# I need Tata Photon Plus Windows 7(64bit) EpiValley modem drivers



## rajesh_nk22 (Sep 20, 2011)

I upgraded my laptop OS to Windows 7 Home Basic 64 bit version and my first disapointment was tata photon plus not working. My photon device has EpiValley modem whose drivers are not availbel on photon site. I googled but no luck.

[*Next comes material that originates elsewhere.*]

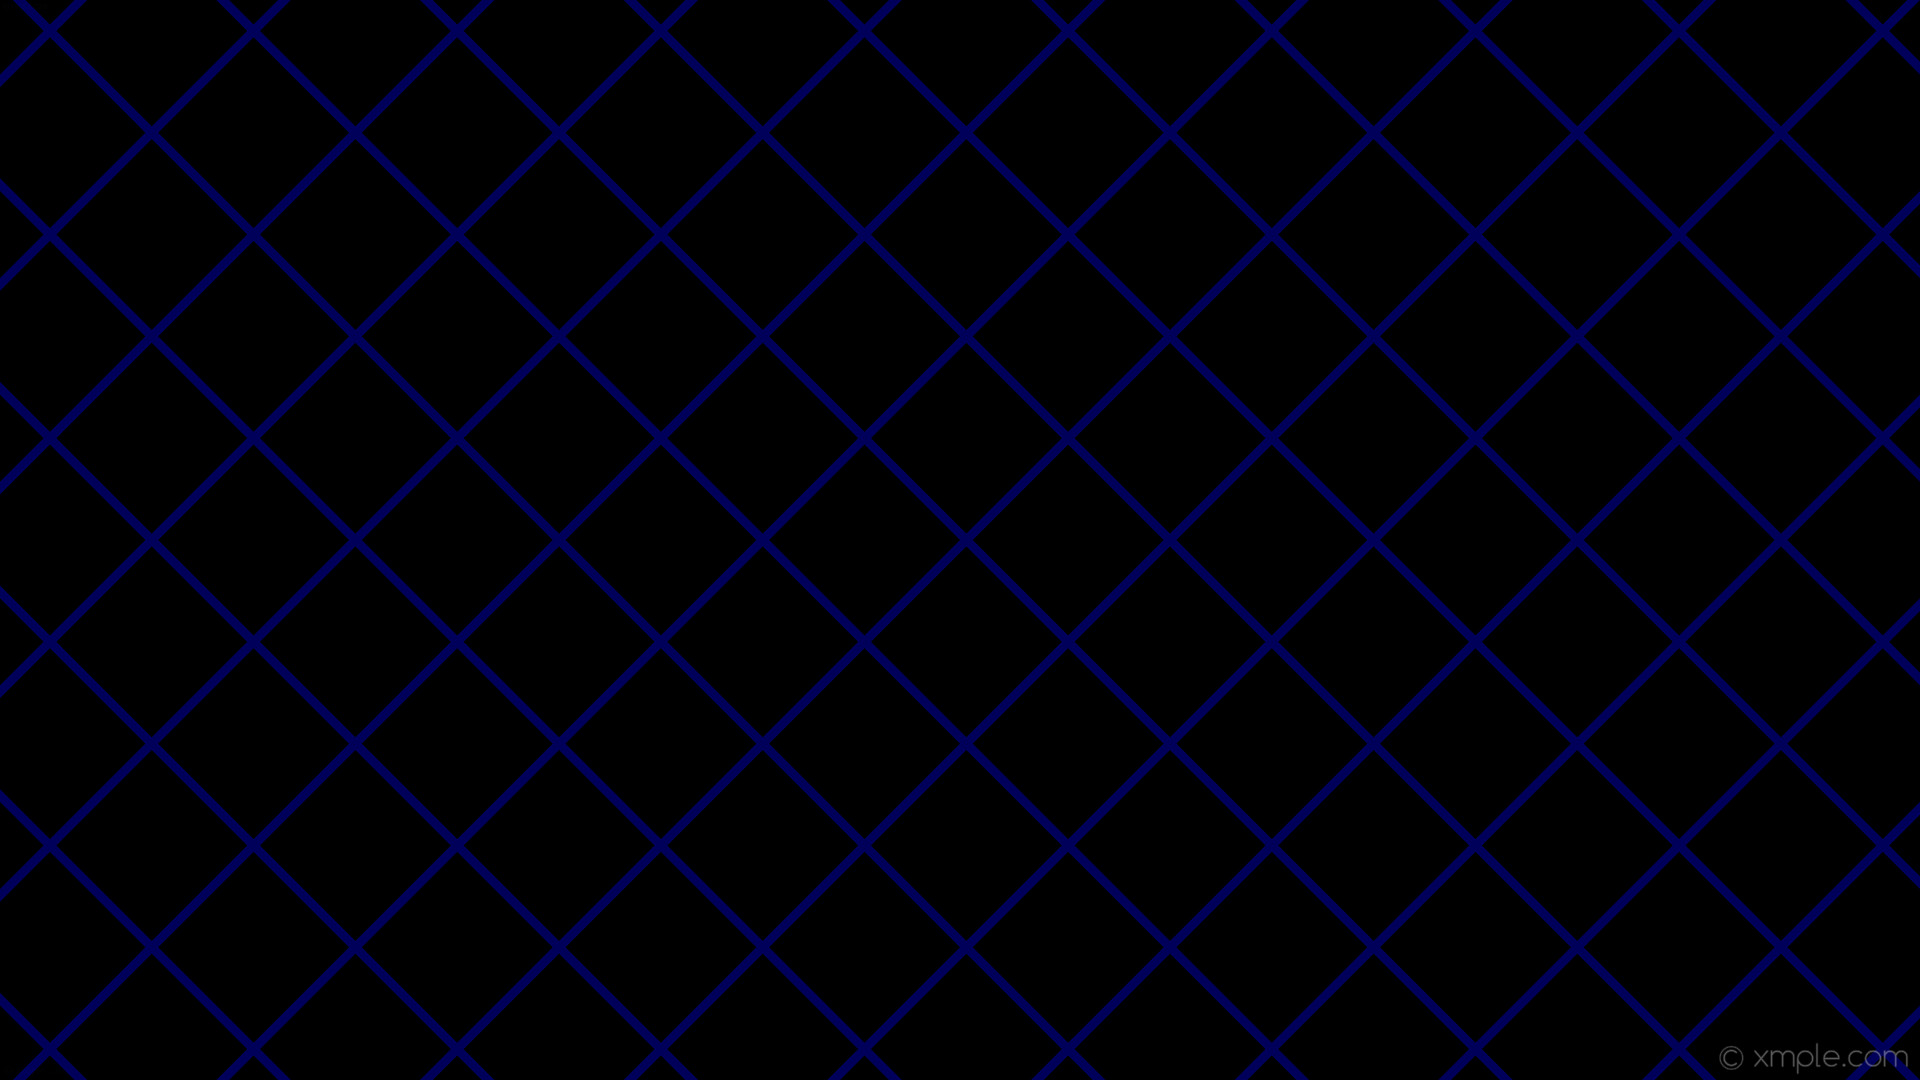 1920x1080 wallpaper graph paper blue black grid navy #000000 #000080 45Â° 9px 144px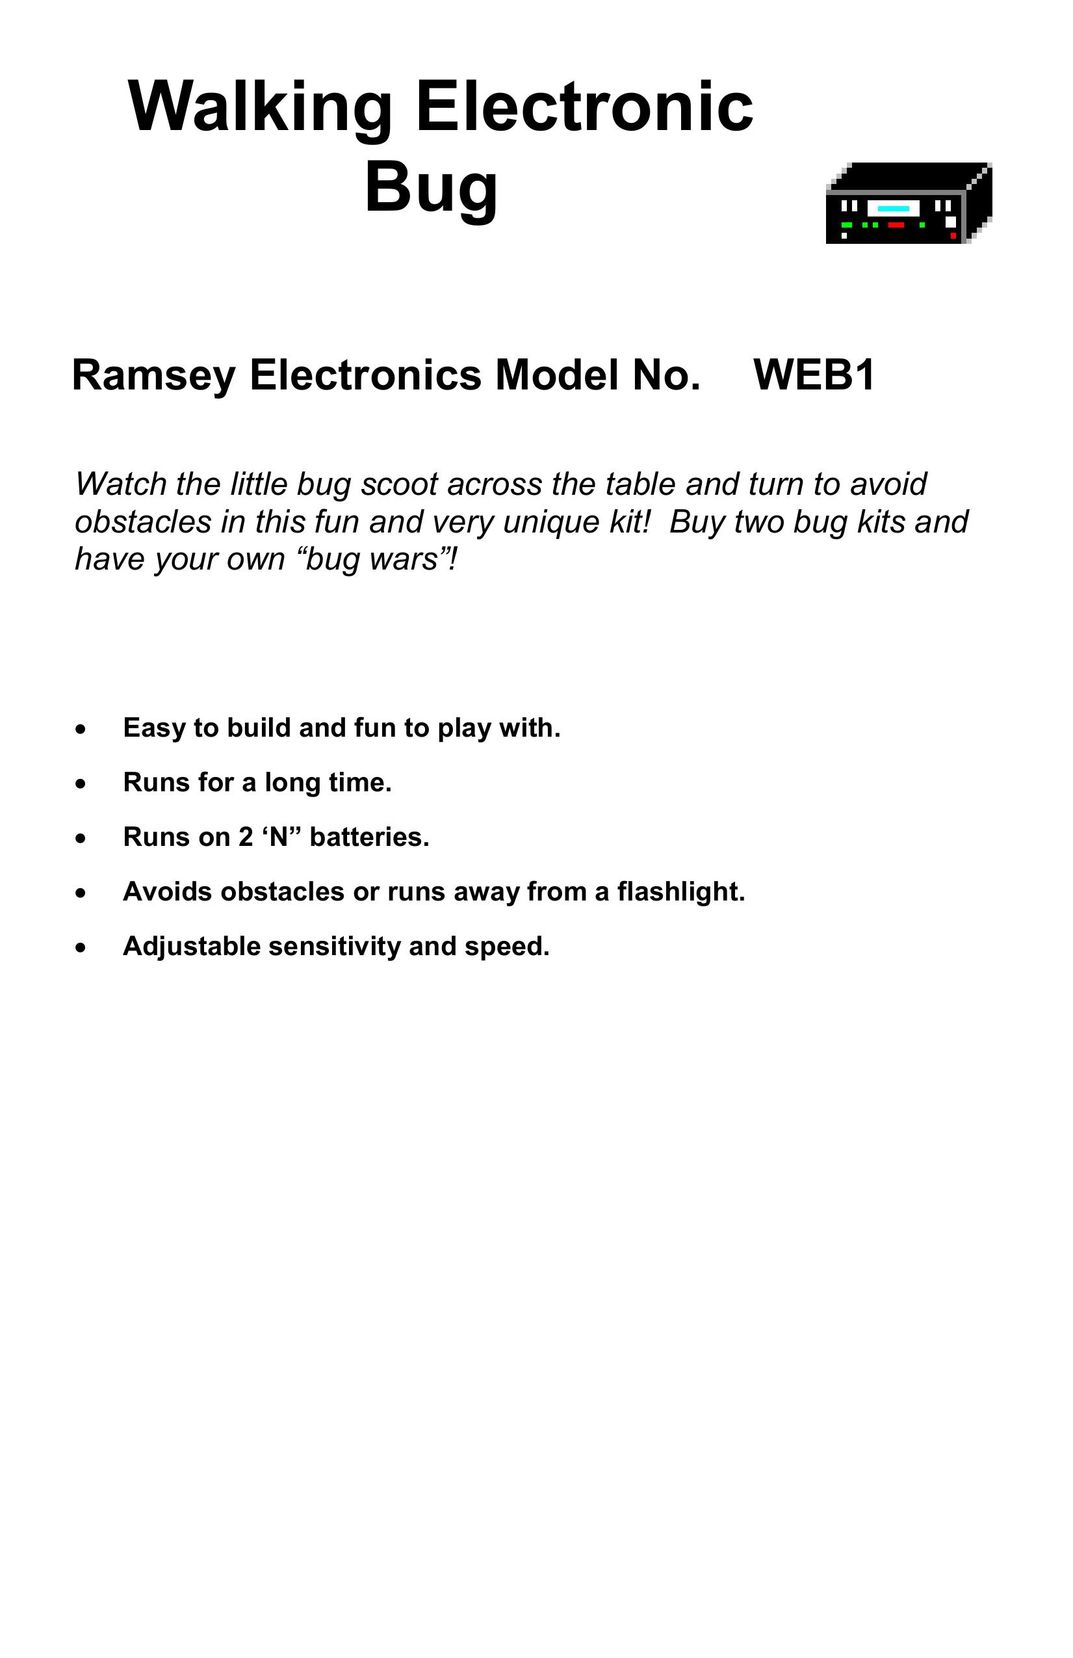 Ramsey Electronics WEB1 Robotics User Manual

Does anyone know how to use tata photon plus on windows 7 64 bit versions?


----------



## pratik385 (Sep 20, 2011)

whaat ?
I am planing to get it tomorrow !


----------



## asingh (Sep 20, 2011)

You can try this link:

Tata Indicom Photon USB Modem & Data card drivers for WIndows, Linux & Mac OS | Saxon Tech Blog


I guess your model would be "Tata Indiacom EpicValley SEC-8089".

Enjoy. 

Guys chill, I am using the EpiValley on Win7 past 2 years.


----------



## pratik385 (Sep 20, 2011)

@ asingh
dude iam going to buy tomorrow tata photon + which model should i look ?
which one you have ?

or should i get mts ?


----------



## asingh (Sep 21, 2011)

I doubt you can choose the model. Honestly both are crap, since they have capped DL+UL limits. I use mine as a backup.


----------



## pratik385 (Sep 21, 2011)

okay man


----------



## rajesh_nk22 (Sep 29, 2011)

Thanks guys, somehow I managed to install drivers from photon site itself. It is working fine now on Windows 7 (64bit).


----------



## Zangetsu (Sep 29, 2011)

rajesh_nk22 said:


> Thanks guys, somehow I managed to install drivers from photon site itself. It is working fine now on Windows 7 (64bit).



Glad to know that..
but I have also used tata photon+ on windows 7 64bit..& it installed & worked without problem.AFAIK the drivers for both 32bit & 64bit are available inside the dongle


----------



## asingh (Sep 29, 2011)

^^
The auto load is buggy. At times it does not kick in. Has happened to me.


----------